NTV: Montezemolo, nuovi attacchi a RFI sulla stazione Tiburtina

31 Ottobre 2012 ·

A pochi giorni di distanza dalle dimissioni da presidente di NTV-Nuovo Trasporto Viaggiatori, Luca Cordero di Montezemolo torna a  polemizzare con RFI, la società di gestione della rete ferroviaria nazionale, e con il governo. Parlando alla stampa in occasione del viaggio celebrativo che ha condotto in visita agli stabilimenti di Maranello della Ferrari gli atleti azzurri medagliati a Londra 2012, Montezemolo ha  usato toni duri: “ “Tiburtina è una cattedrale nel deserto, non c’è una scritta, non possiamo mettere scritte e indicazioni, è una cosa scandalosa: abbiamo un ministro e viceministro delle Infrastrutture che non si è mai fatto vivo. Anche il Comune è mesi che dice che avrebbe fatto dei parcheggi. Sono state fatte due inaugurazioni pompose, una con il Presidente della Repubblica, una con il Presidente del Consiglio.” Montezemolo chiede inoltre la creazione di un’Authority dei Trasporti, ma non manca di aggiungere: “noi siamo contenti, è l’inizio di una bellissima avventura imprenditoriale tutta privata, abbiamo assunto mille persone e stiamo andando bene”. Durante l’estate era stata soprattutto Roma Ostiense, l’altra stazione che ospita i treni ad alta velocità Italo, ad accendere le polemiche tra e due società, per via della cancellata che impediva l’accesso diretto ai treni dal centro viaggiatori “Casa italo” posizionato nell’ex Air Terminal della stazione. In questi giorni NTV ha inoltre annunciato l’aggiunta dal prossimo 9 dicembre di altre 7 corse giornaliere sulla direttrice Milano-Roma, in parallelo all’avvio del collegamento Milano-Torino previsto per lo stesso periodo.

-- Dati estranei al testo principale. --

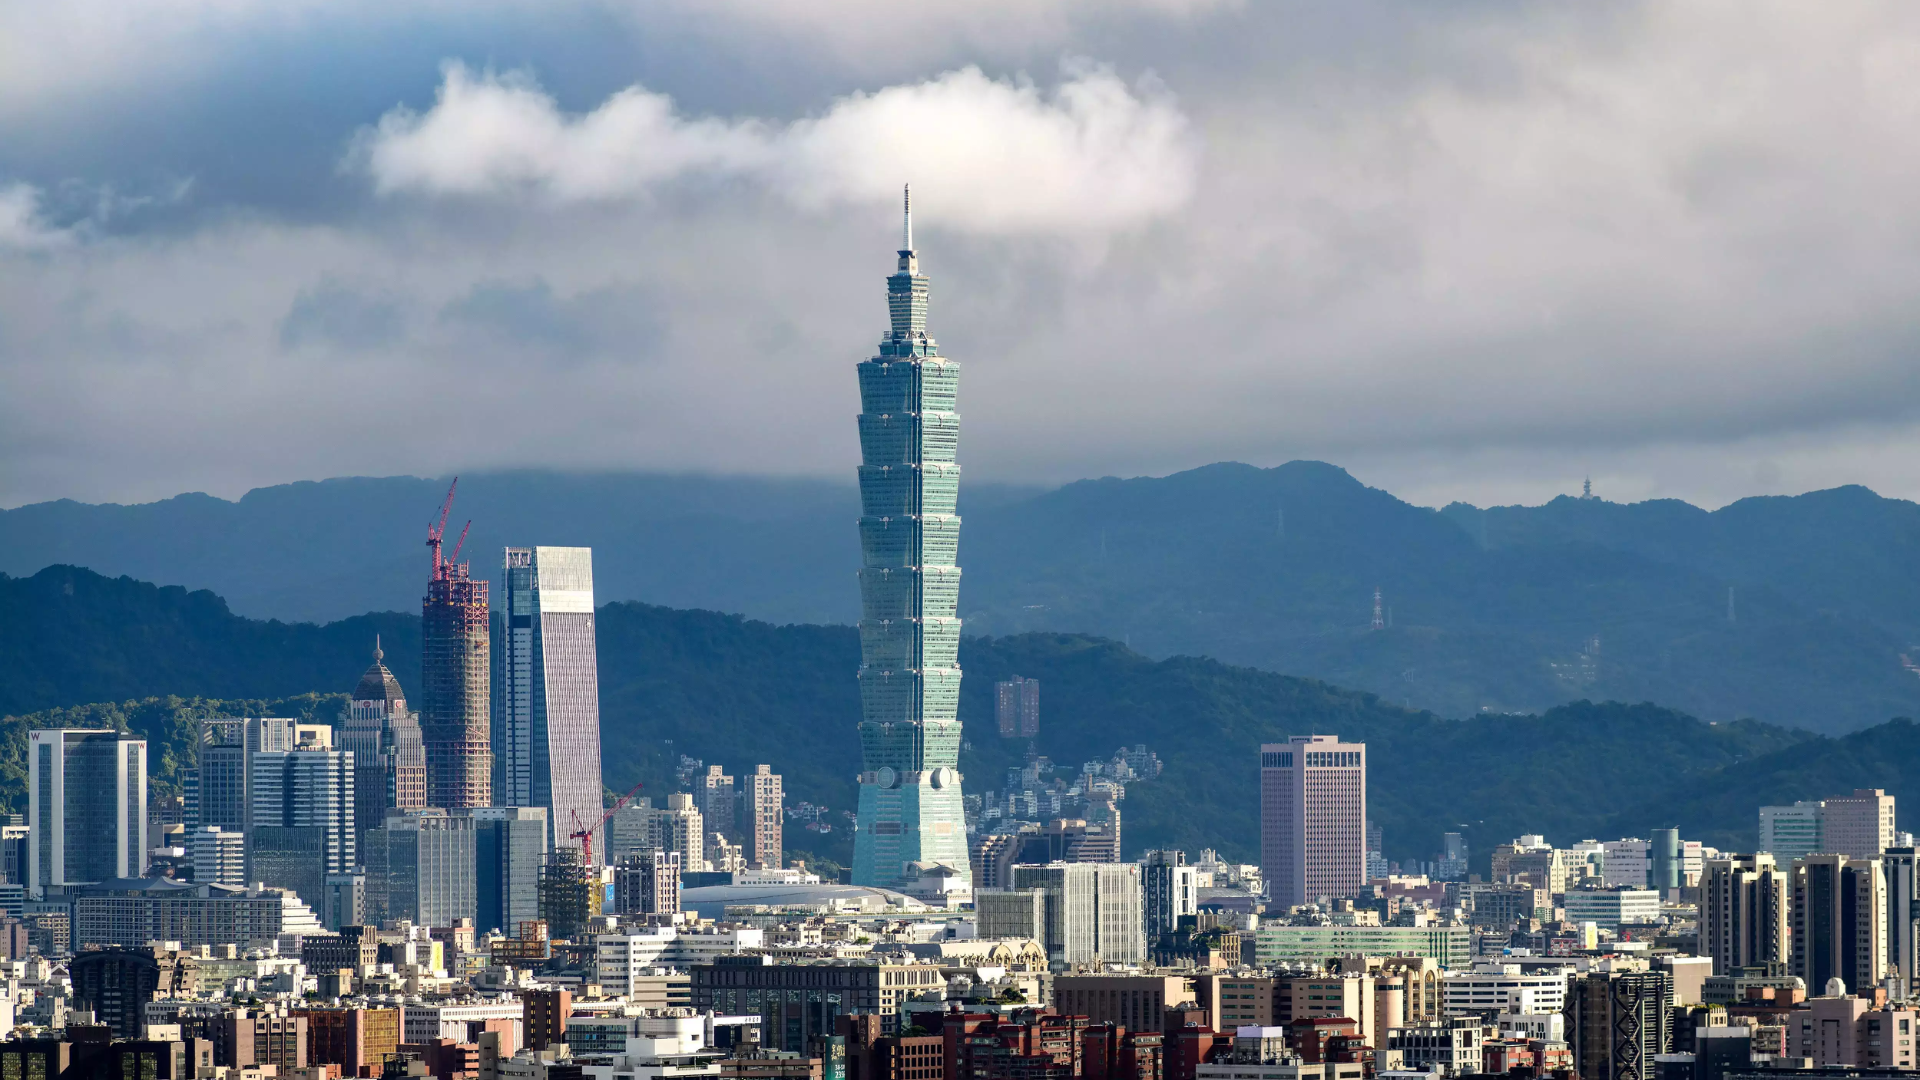 660-Tonne Pendulum Safeguards Taiwan’s Tallest Skyscraper During 7.4-Magnitude Earthquake
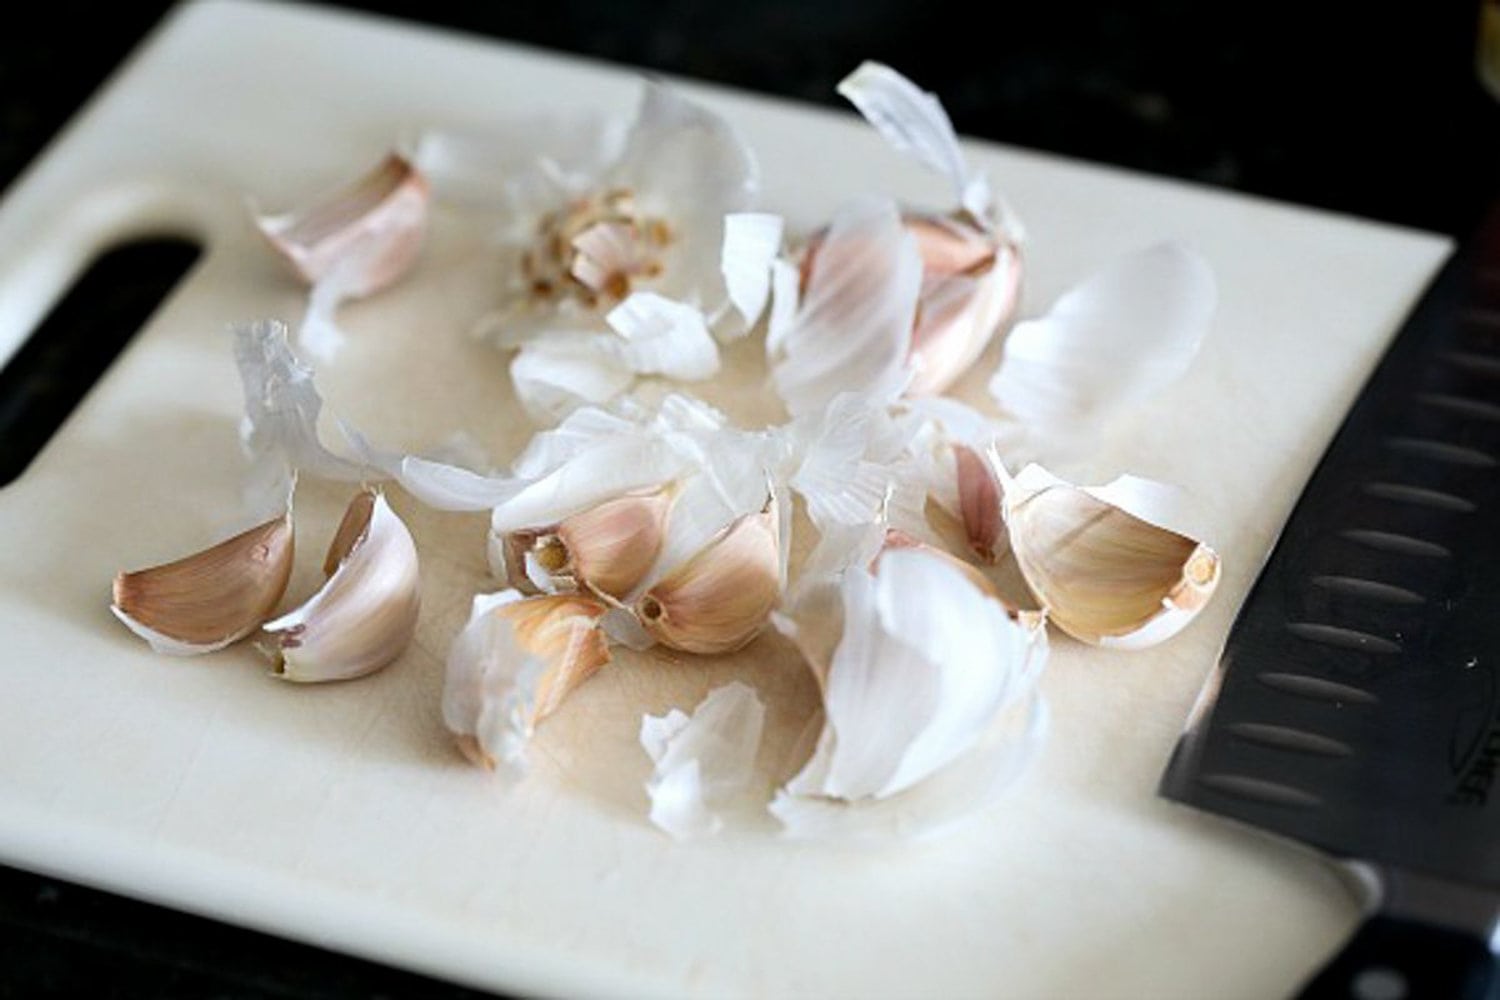 Garlic cloves chopped up

NTV, lettera aperta a Monti: “degrado e ostacoli da RFI nelle stazioni romane”

10 Luglio 2012 ·

La società di trasporto ferroviario privato accusa nuovamente le Ferrovie dello Stato di concorrenza sleale

Continua anche a mezzo stampa la dura polemica tra RFI/Ferrovie dello Stato e NTV, la società di trasporto ferroviario privato guidata da Luca di Montezemolo. Oggetto dello scontro sono ancora una volta le due stazioni romane di Ostiense e Tiburtina che ospitano i treni ad alta velocità Italo. NTV ha infatti pubblicato sulle pagine dei principali quotidiani nazionali una lettera al premier Monti in cui si ricordano il degrado di Tiburtina, soprattutto dopo il grave incendio del 24 luglio 2011 (viene ricordato tra l’altro che nella struttura “non esistono ancora indicazioni per i viaggiatori, bar, librerie, edicole ristoranti, negozi, segnaletica, parcheggi, viabilità mentre il degrado rischia già di corrodere parti della struttura”), e la questione ancora aperta dell’ormai famosa cancellata che a Roma Ostiense impedisce l’accesso diretto ai treni da Casa Italo (collocata nell’ex Air Terminal costruito per i mondiali di calcio del 1990 e poi abbandonato). NTV definisce la politica di FS nei confronti della concorrenza “due cartoline emblematiche della capitale d’Italia che avrebbero richiesto il pronto, immediato intervento di un governo attento alle ragioni della crescita”. Non si è fatta però attendere la replica di RFI: l’amministratore delegato Michele Mario Elia ha affermato che la stazione Tiburtina è attraversata ogni giorno da 90 mila passeggeri ed è completamente operativa per i servizi ferroviari,che i ritardi nella realizzazione degli spazi commerciali rientrano in una “tempistica fisiologica” legata a gare e bandi e che per quando riguarda la “gabbia” di Ostiense, essa era preesistente all’acquisto dello spazio ex Terminal da parte di NTV.